I’ve been following the Android version of this, and grabbed a copy today (there’s a reason this isn’t in the mobile game forum - more on that in a minute):
On the surface this is a rudimentary 4X title. Settlers build cities, which gather resources (food and materials) automatically every turn from the 8 tiles surrounding them. Food is used to expand cities, and materials for everything else (purchasing troops, exploration). Each city can be expanded 3 times when the food bar is filled, and every expansion you have a choice of two structures, pushing back the FOW three tiles in every direction, getting a settler to build a new city, or converting the food to materials. You can have no more than 3 cities active at a time.

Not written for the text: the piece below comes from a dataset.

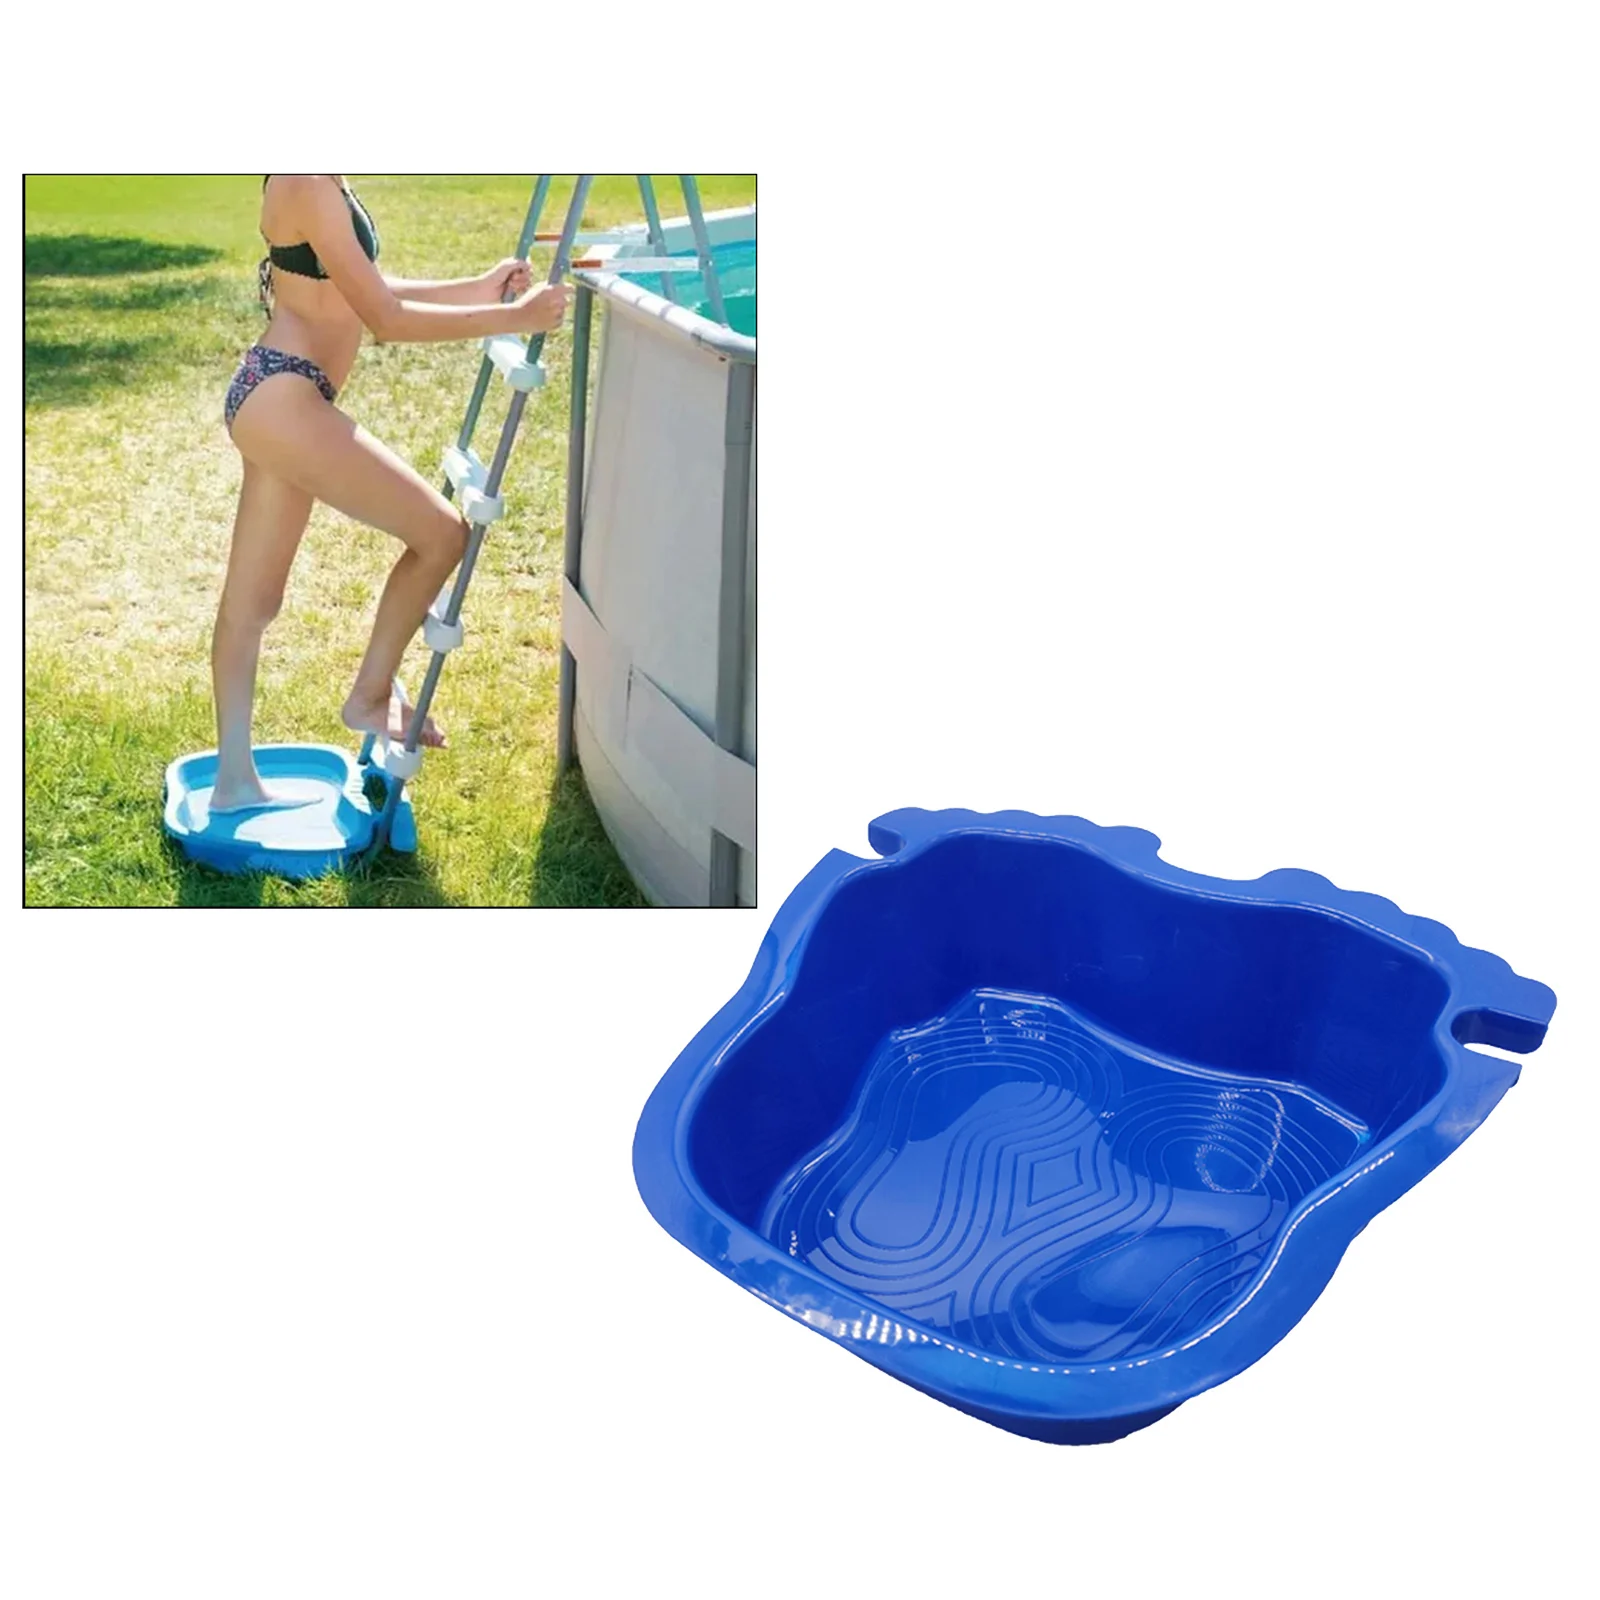 Pool Foot Bath Tray Swimming Pool Spa Pool Foot Bath Tray Foot Soaking Bath Basin for In Ground and Above Ground Pools and Spas

The catch is that the land is dieing. Every turn tiles become dead spaces, and the goal of the game is to accumulate 200 victory points before the entire board is dead. Cities can be abandoned at any time, replaced by a settler unit, so city placement is crucial, and you are always abandoning cities and building new ones as more and more of the board becomes unlivable.
Every so often a monster nest appears, and this is where combat (and the deck-building) come into play. Again, combat is deceptively simple. There are 3 kinds of units - infantry, cavalry, and archers. Infantry can only attack the adjacent tiles horizontally and vertically, cavalry can attack diagonally, and archers have a ranged attack. Combat starts with units placed randomly on opposite sides of a chessboard-like field. Every turn all units either move forward one tile, or attack an enemy unit if one is in range. HOWEVER - every turn you draw 4 cards from your deck. These cards either buff your units, debuff the enemy, allow you to cast a spell (if you’ve built a Shaman’s Hut in one of your cities), or allow you to do something with a unit (i.e. move an archer into cover). If you win a battle, you get to choose a new card to add to your deck. There are also “Strife” cards in the deck, which do nothing at all. That doesn’t sound too bad until you draw a hand of 4 of them. There are spells and city improvement that remove them from the deck.
So why am I posting about this here? Because even though the developer’s website only shows IOS and Android versions available for some reason, I happened to stumble across versions for Windows and the Mac over on GamersGate. It’s also on Steam Greenlight.
One more thing - it’s only $4.99, and well worth every penny.